§ **Task to carry out**: Starting at the line below that contains "Gạch bông được" and ending at the line that contains "Hoa dã quỳ Mộc Châu vào những ngày đầu đông", retype each line exactly as it stands, but omit the pictures.

§ **Records for the exercise**:
________________________________________

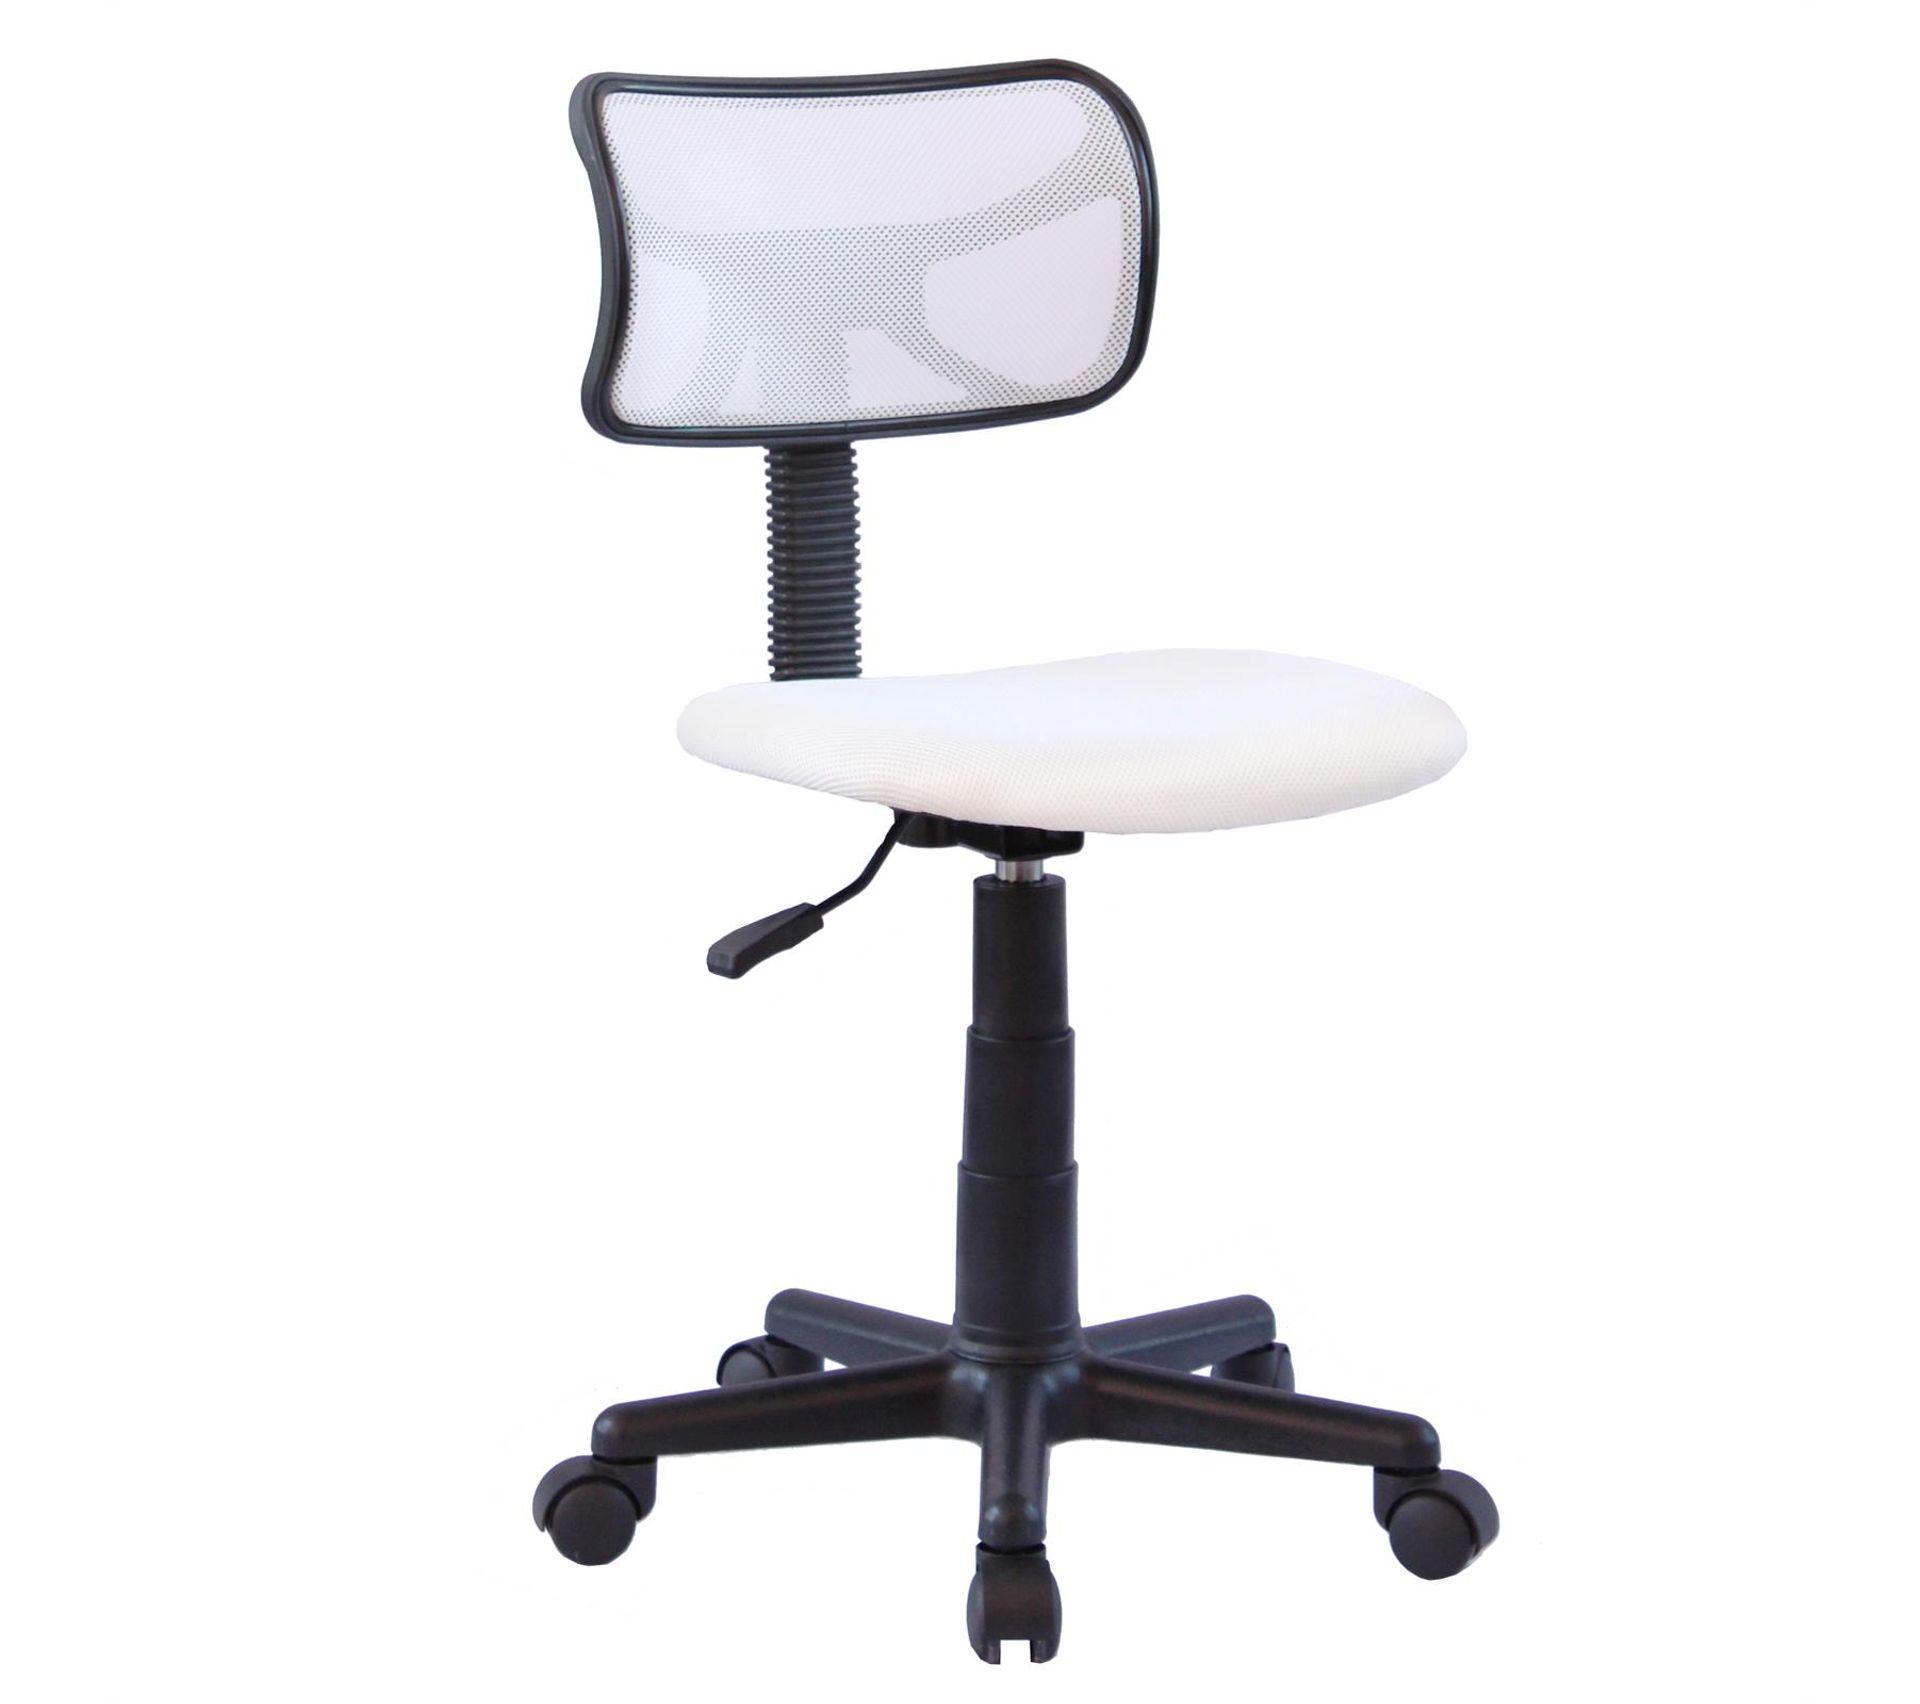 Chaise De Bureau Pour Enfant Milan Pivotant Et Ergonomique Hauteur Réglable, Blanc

________________________________________

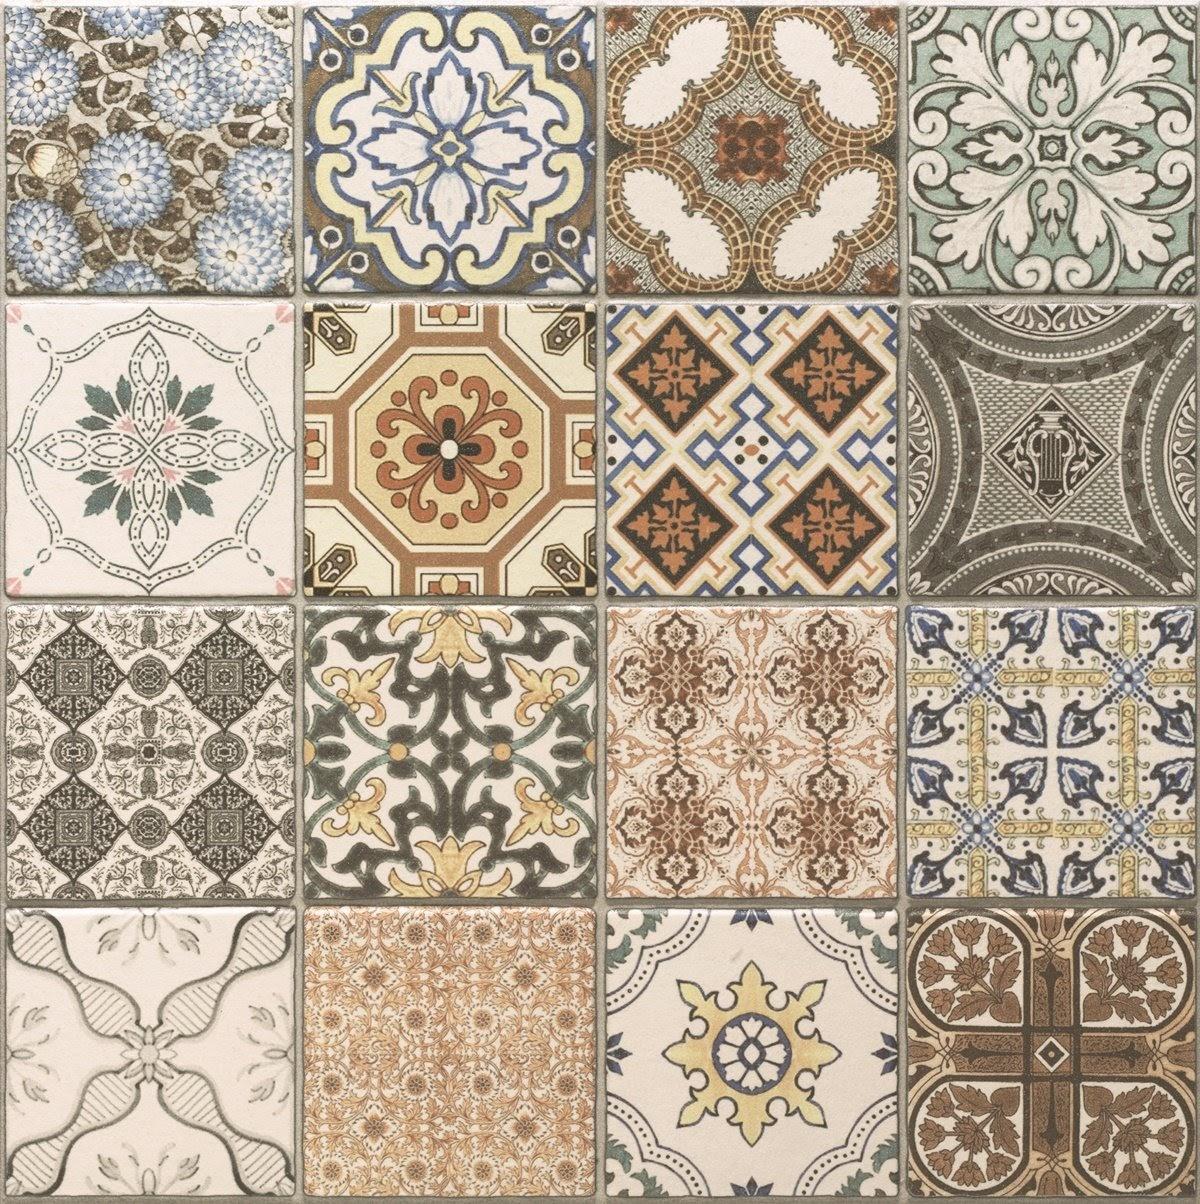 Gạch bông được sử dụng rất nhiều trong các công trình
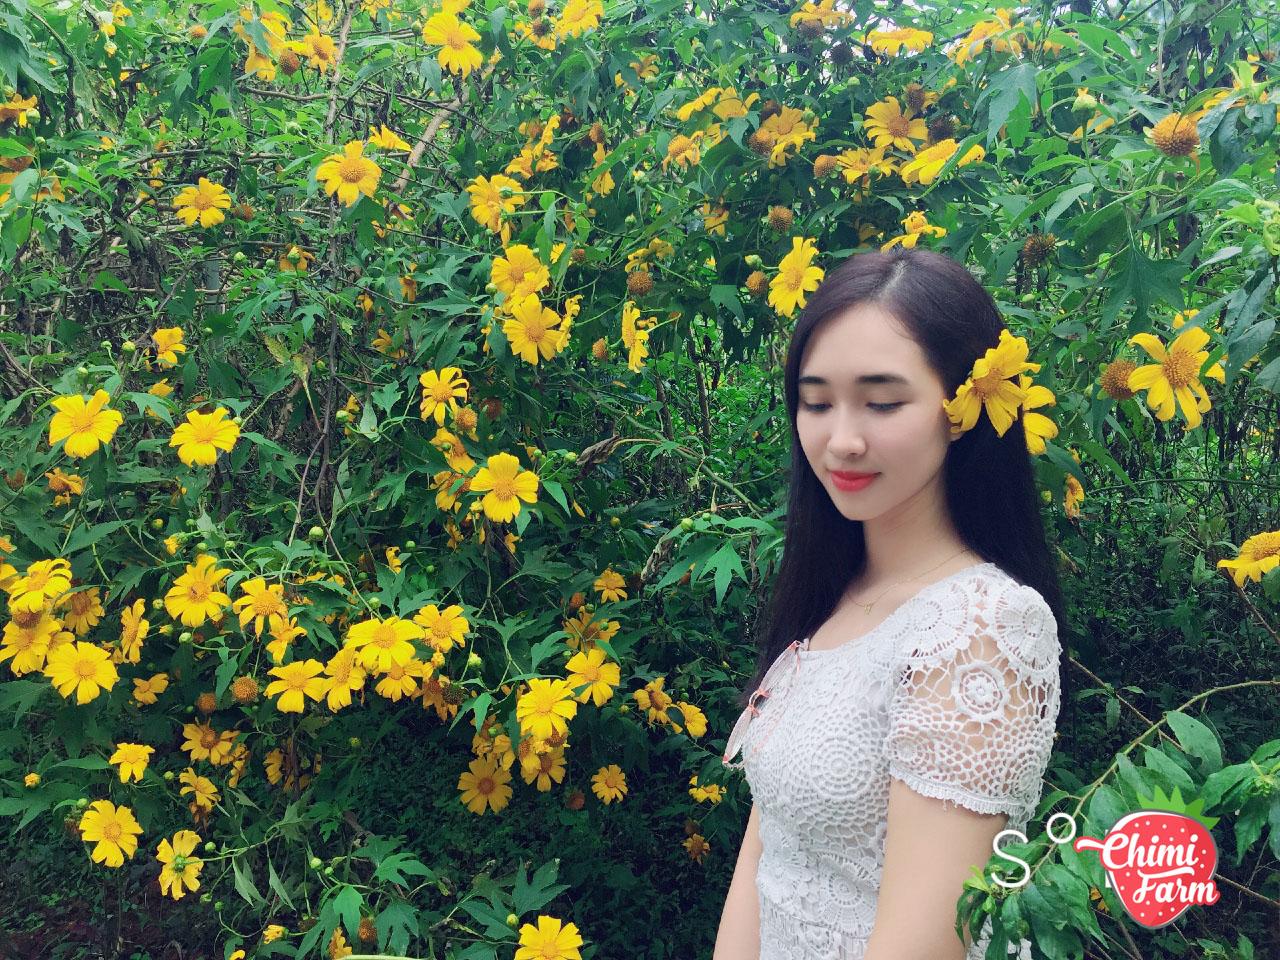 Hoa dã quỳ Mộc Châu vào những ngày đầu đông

________________________________________

§ **Result of this exercise**:
 Gạch bông được sử dụng rất nhiều trong các công trình
 Hoa dã quỳ Mộc Châu vào những ngày đầu đông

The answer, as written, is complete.